State of affairs, Summary
The actual finding of self numbers up to 1M is now taking roughly 4 ms, and I'm having trouble measuring any further improvements. On the other hand, as long as output is to the console, it will continue to take about 1.4 seconds, my best efforts to leverage buffering notwithstanding. The I/O time so drastically dwarfs computation time that any further optimization would be essentially futile. Thus, although inspired by further comments, I've decided to leave well enough alone.
All times cited are on my (pretty fast) machine and are for comparison purposes with each other only. Your mileage may vary.
Generate the numbers once, copy the output into your code as a gigantic string. Print the string.
Those mods (%) look expensive. If you are allowed to move to base 16 (or even base 2), then you can probably code this a lot faster. If you have to stay in decimal, try creating an array of digits for each place (units, tens, hundreds) and build some rollover code. That will make summating the numbers far easier.
Alternatively, you could recognise the behaviour of the core self function (let's call it s):
s = n + f(b,n)
where f(b,n) is the sum of the digits of the number n in base b.
For base 10, it's clear that as the ones (also known as least significant) digit moves from 0,1,2,...,9, that n and f(b,n) proceed in lockstep as you move from n to n+1, it's only that 10% of the time that 9 rolls to 0 that it doesnt, so:
f(b,n+1) = f(b,n) + 1 // 90% of the time
thus the core self function s advances as
n+1 + f(b,n+1) = n + 1 + f(b,n) + 1 = n + f(b,n) + 2
s(n+1) = s(n) + 2 // again, 90% of the time
In the remaining (and easily identifiable) 10% of the time, the 9 rolls back to zero and adds one to the next digit, which in the simplest case subtracts (9-1) from the running total, but might cascade up through a series of 9s, to subtract 99-1, 999-1 etc.
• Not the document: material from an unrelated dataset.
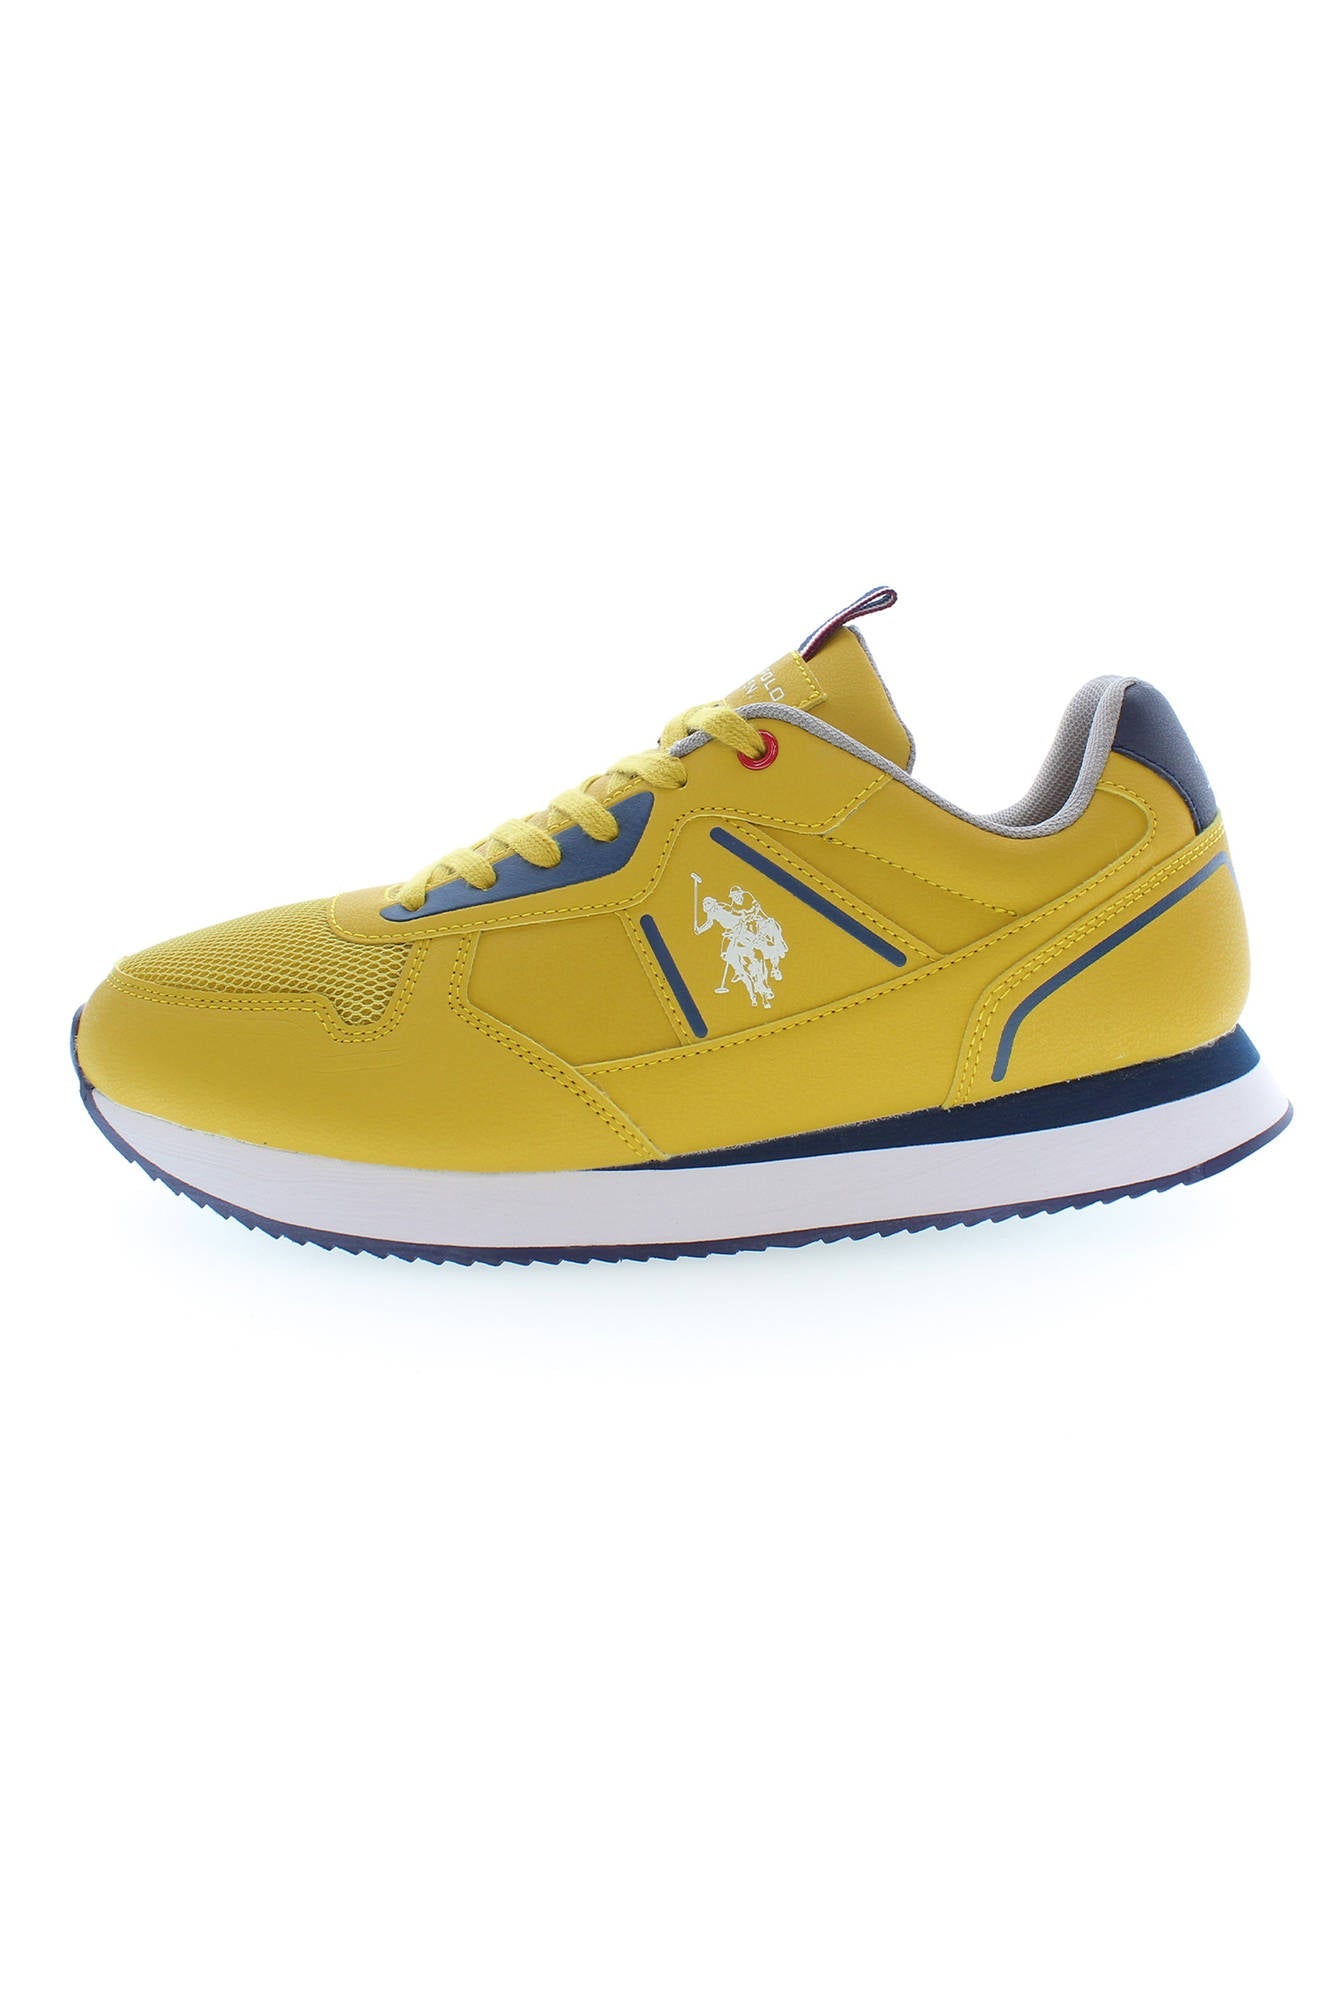 U.S. POLO ASSN. Yellow Sneakers - Fizigo

So the first optimisation can remove most of the work from 90% of your cycles!
if ((n % 10) != 0)
{
n + f(b,n) = n-1 + f(b,n-1) + 2;
}
or
if ((n % 10) != 0)
{
s = old_s + 2;
}
That should be enough to substantially increase your performance without really changing your algorithm.
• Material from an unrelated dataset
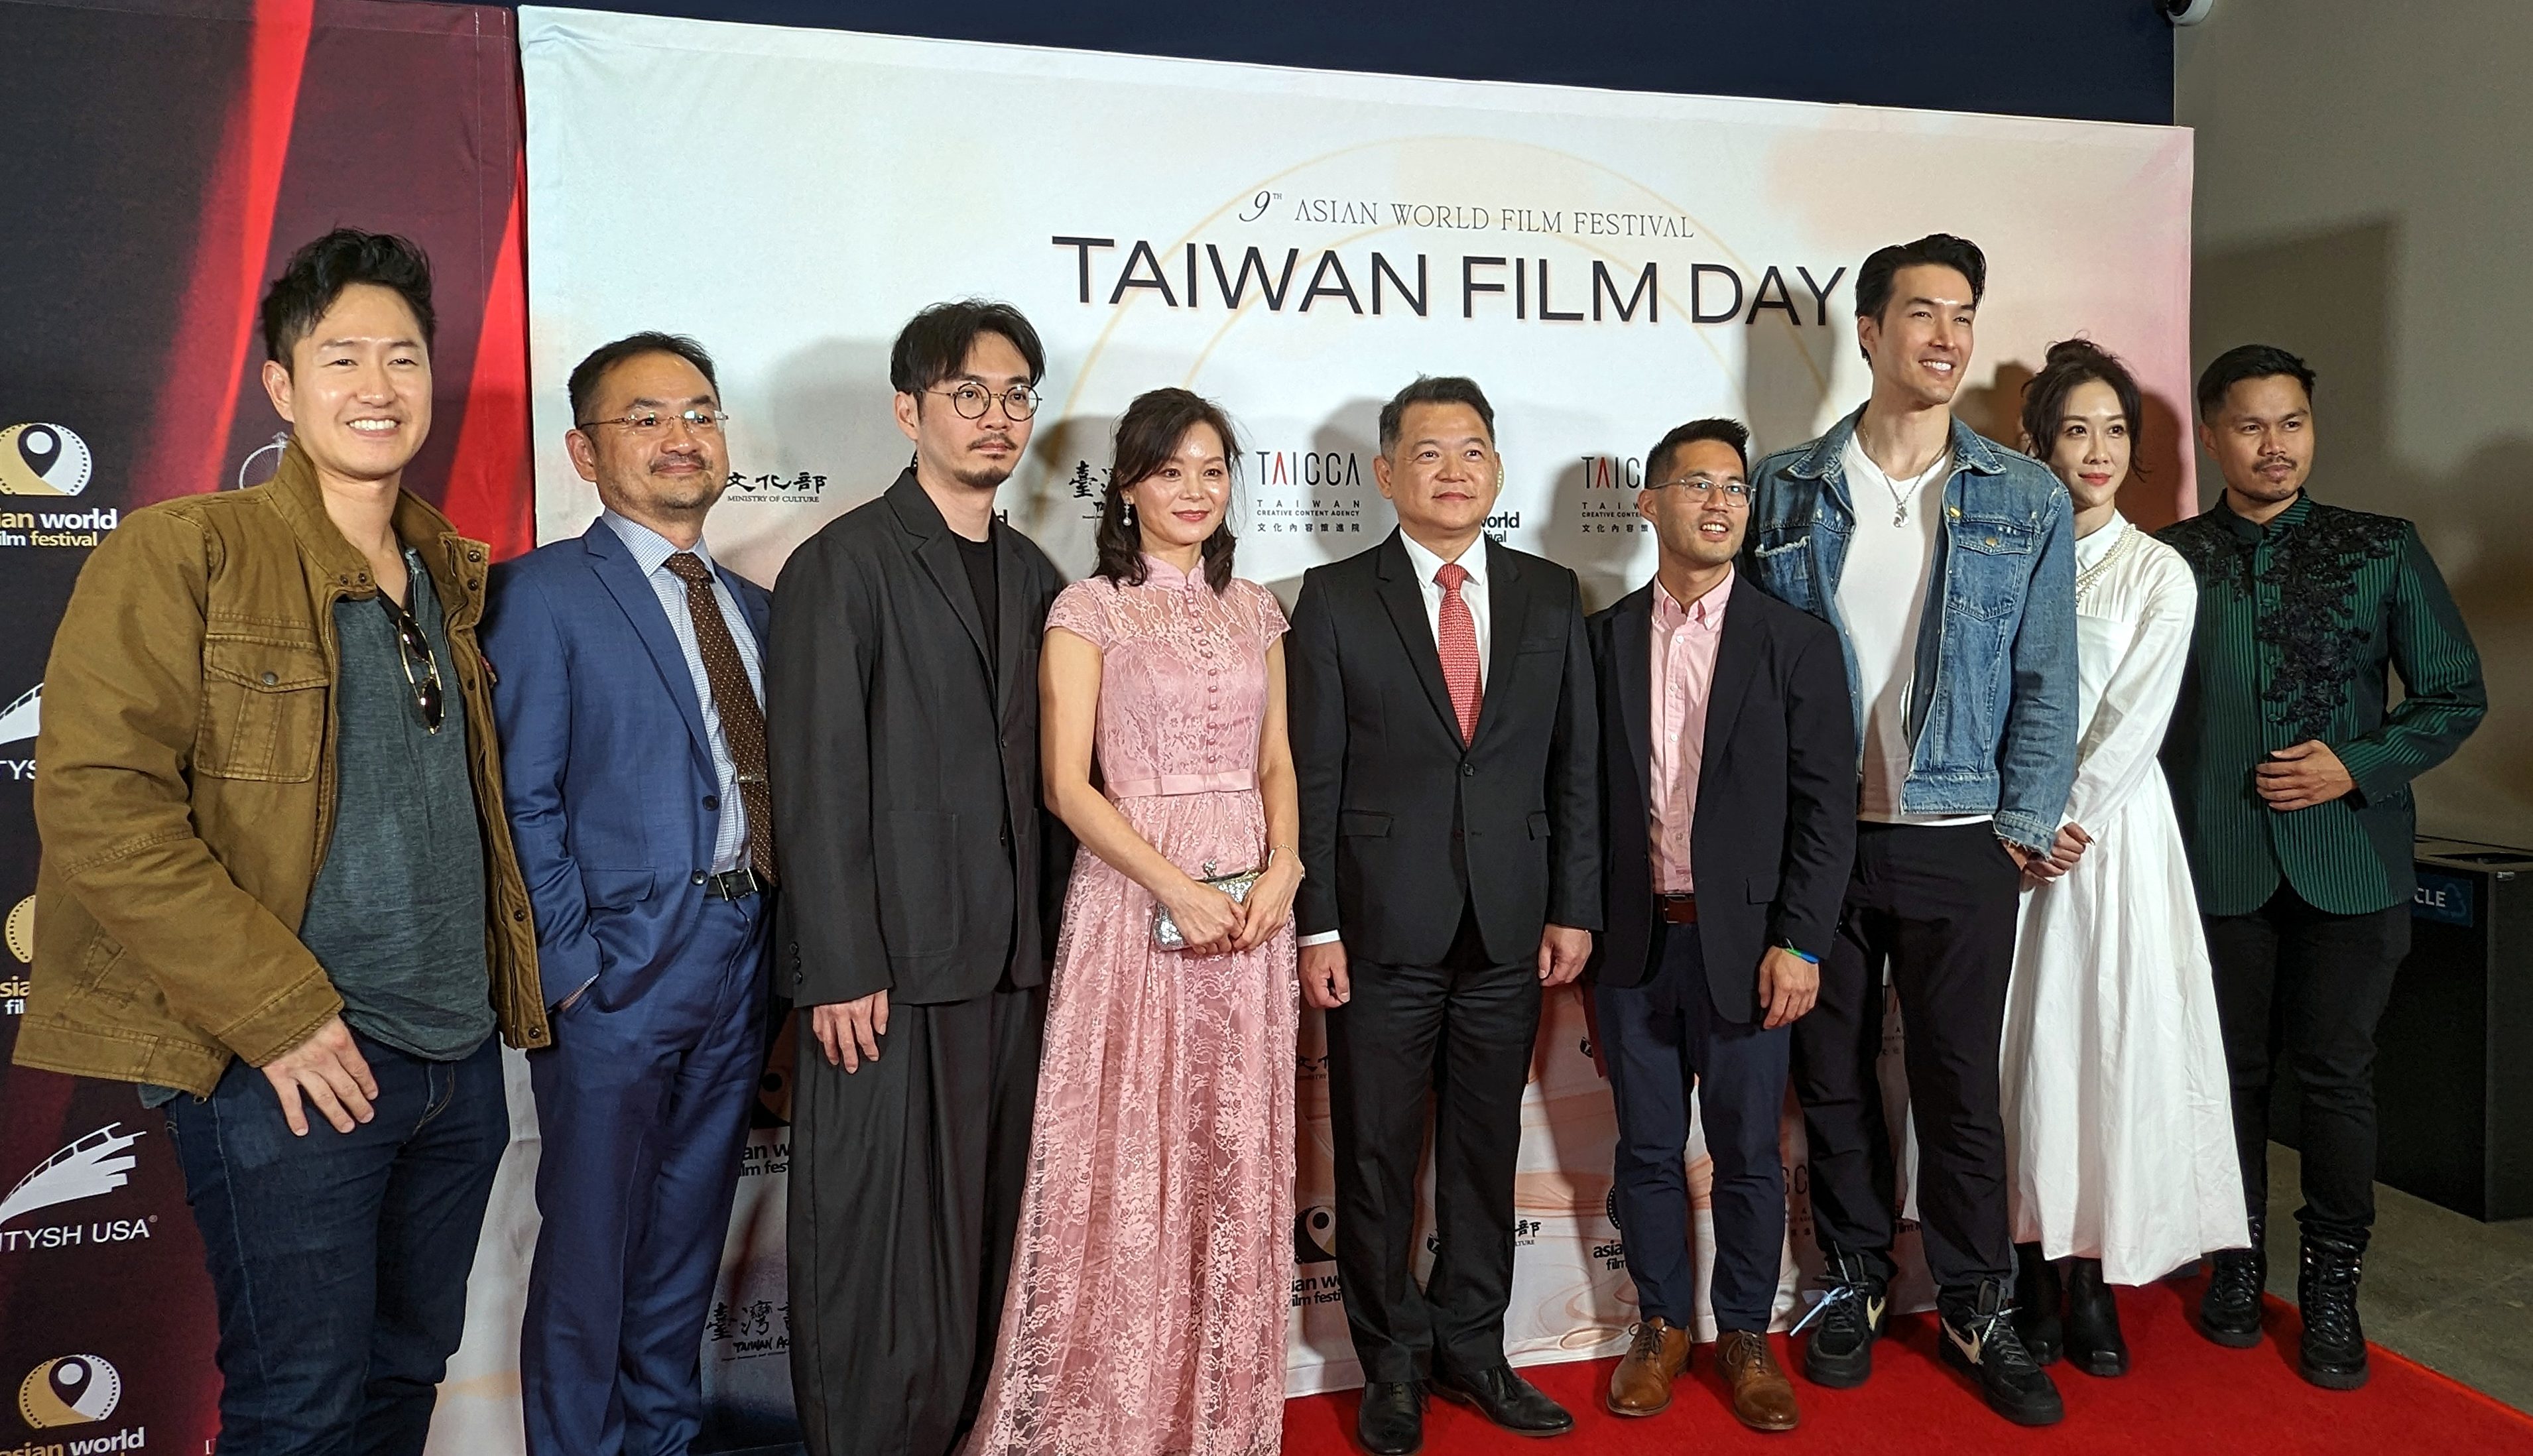 亞洲國際電影節 突顯台灣尊重多元與人權

If you want more, then work out a simple algorithm for the change between iterations for the remaining 10%.
If you want your output to be fast, it may be worth investigating replacing iostream output with plain old printf() - depends on the rules for winning the competition whether this is important.
Multithread (use different arrays/ranges for every thread). Also, dont use more threads than your number of cpu cores =)
cout or printf within a loop will be slow. If you can remove any prints from a loop you will see significant performance increase.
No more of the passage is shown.